— Ради бога, сударь, простите нас! — крикнул он с отчаянием в голосе. — Мы не знали, что это были вы.
— Простите нас, сударь! Мы очень сожалеем, что так случилось, — раздались еще четыре робких голоса.
На это учитель сказал спокойно:
— Возвращайтесь скорее в школу и переоденьтесь, — и взялся за весла.
«Лучше бы он разбранил нас», — думали мальчики.
Когда они вернулись наконец в школу, товарищи встретили их известием, что вследствие жалобы на них классного старшины за отсутствие на перекличке главный старшина велел им передать, чтобы завтра утром они явились к нему в комнату для объяснений. А вечером им пришли сказать, что мистер Паррет требует их к себе сию минуту.
VI
СУД
Паррет был любимым наставником в Вильбайской школе. Он был из Кембриджского университета, где, как известно, спортивные упражнения в большом ходу, и его-то влиянию и примеру была обязана вся школа и в особенности его собственное отделение своим искусством во всех гимнастических и спортивных играх. Он был самым терпеливым из «дрессировщиков». Все свое свободное время он отдавал на общую пользу. Каждый день после обеда его можно было встретить одетым в костюм для гимнастики или на берегу реки, откуда он громким голосом давал наставления неопытным гребцам, или на лугу — играющим в крикет, или на руле лодки — управляющим парусной эскадрой.
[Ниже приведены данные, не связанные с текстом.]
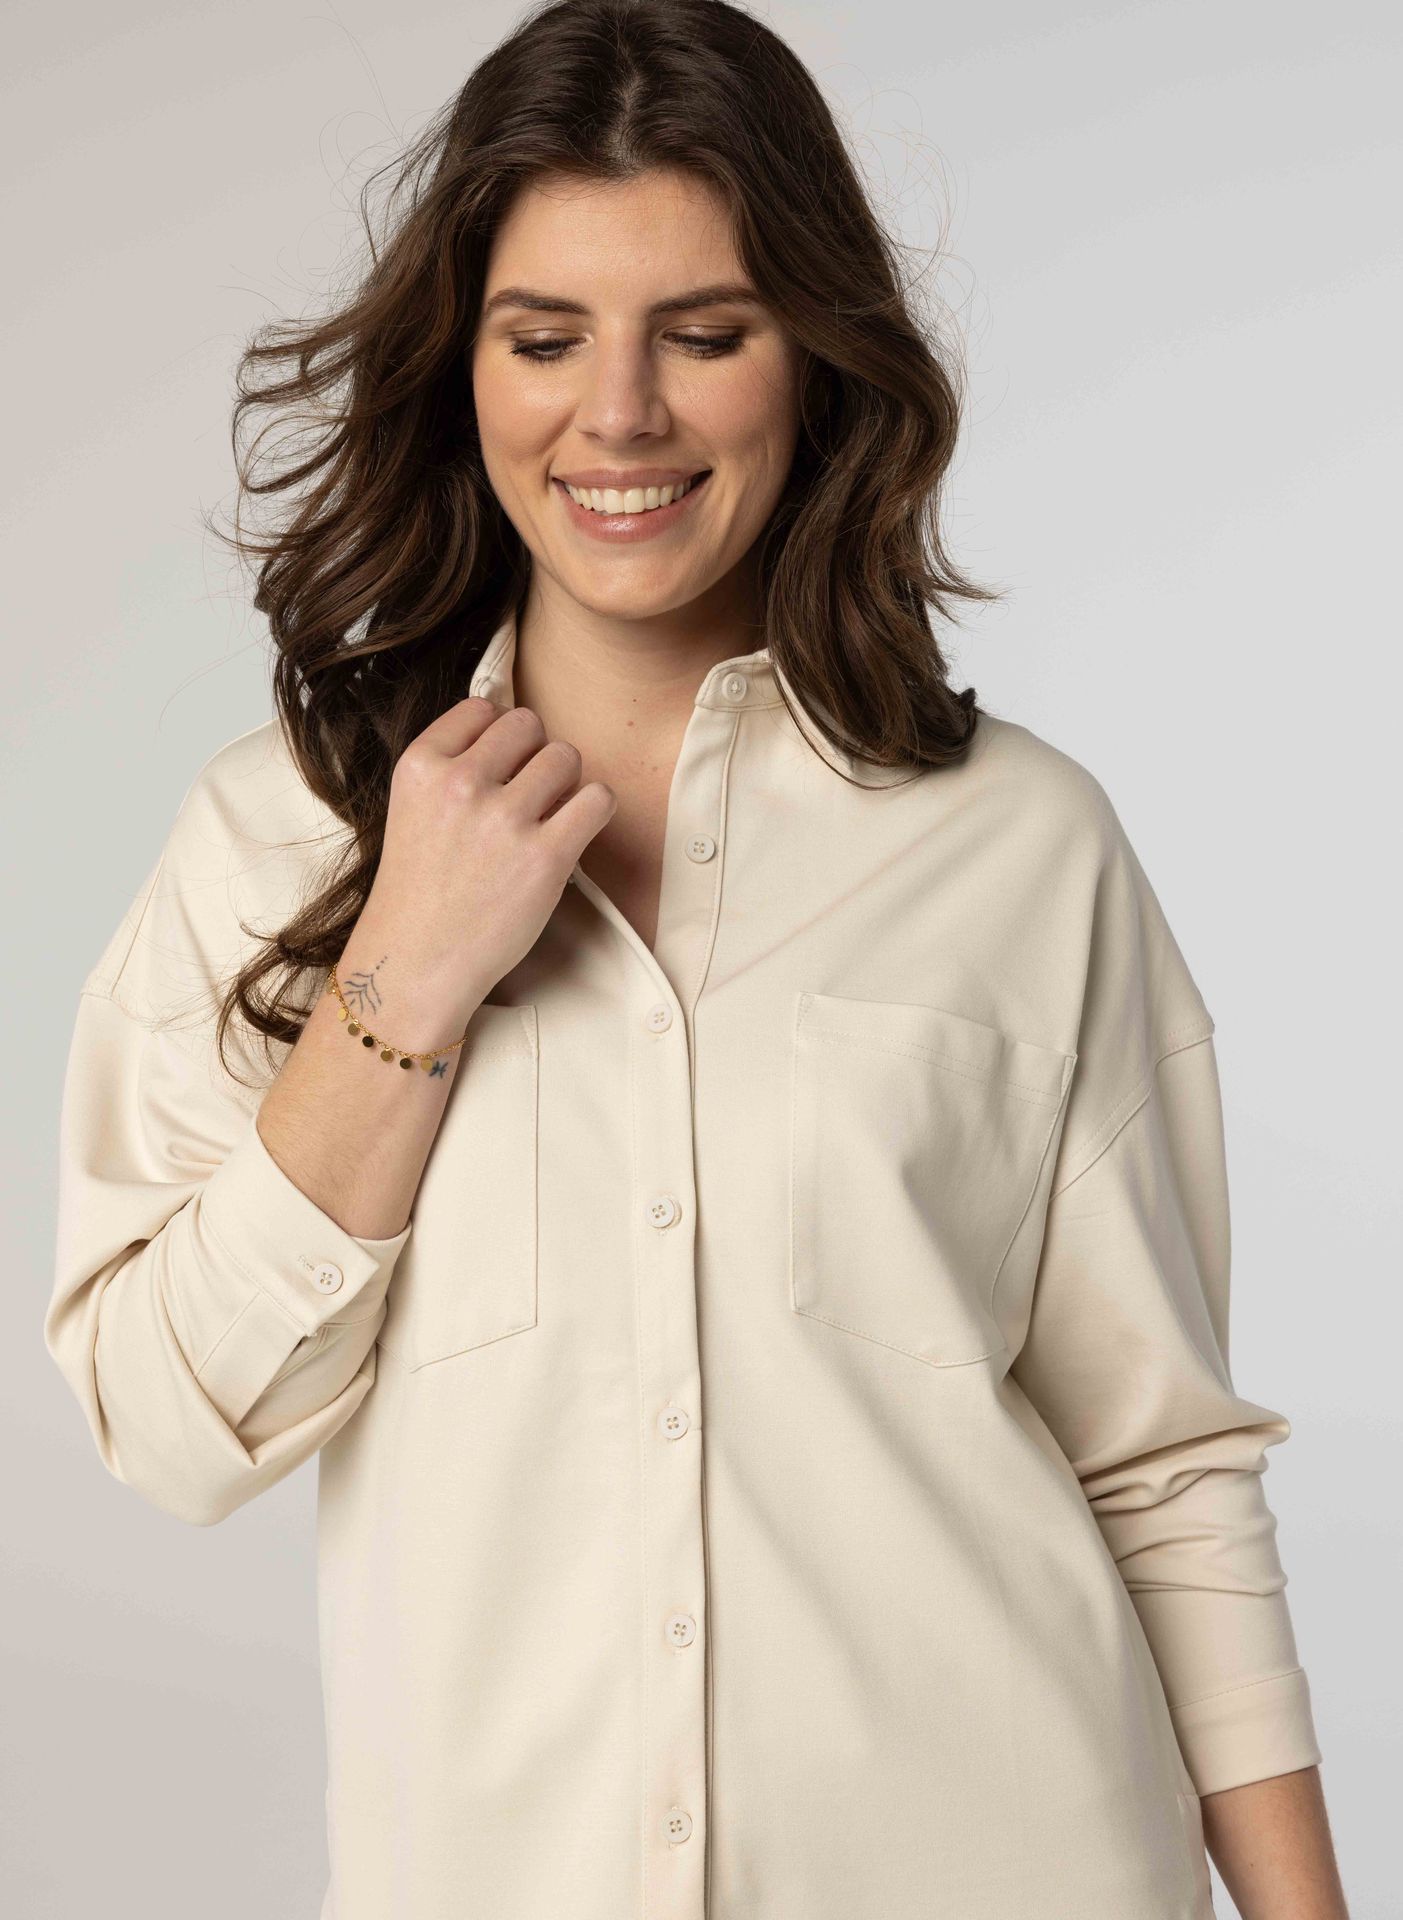 Norah Zandkleurige blouse light sand 213614-111

Нельзя сказать, чтобы школьники отдавали должное своему наставнику за все то самопожертвование, с каким он принимал участие в их забавах; он умел делать такой вид, как будто сам наслаждается добровольно принятым на себя трудом, так что даже самые безнадежные из лентяев, с которыми он бился, не подозревали, что возня с ними доставляет ему, в сущности, очень мало удовольствия. Впрочем, мистер Паррет был вполне вознагражден за свой труд общею любовью воспитанников, которую он высоко ценил, и нигде не был он так популярен, как между младшими воспитанниками своего отделения. Можно себе поэтому представить, каково было отчаяние пятерых мальчуганов после приключения на реке и с какими вытянутыми лицами явились они в назначенный час в комнату учителя.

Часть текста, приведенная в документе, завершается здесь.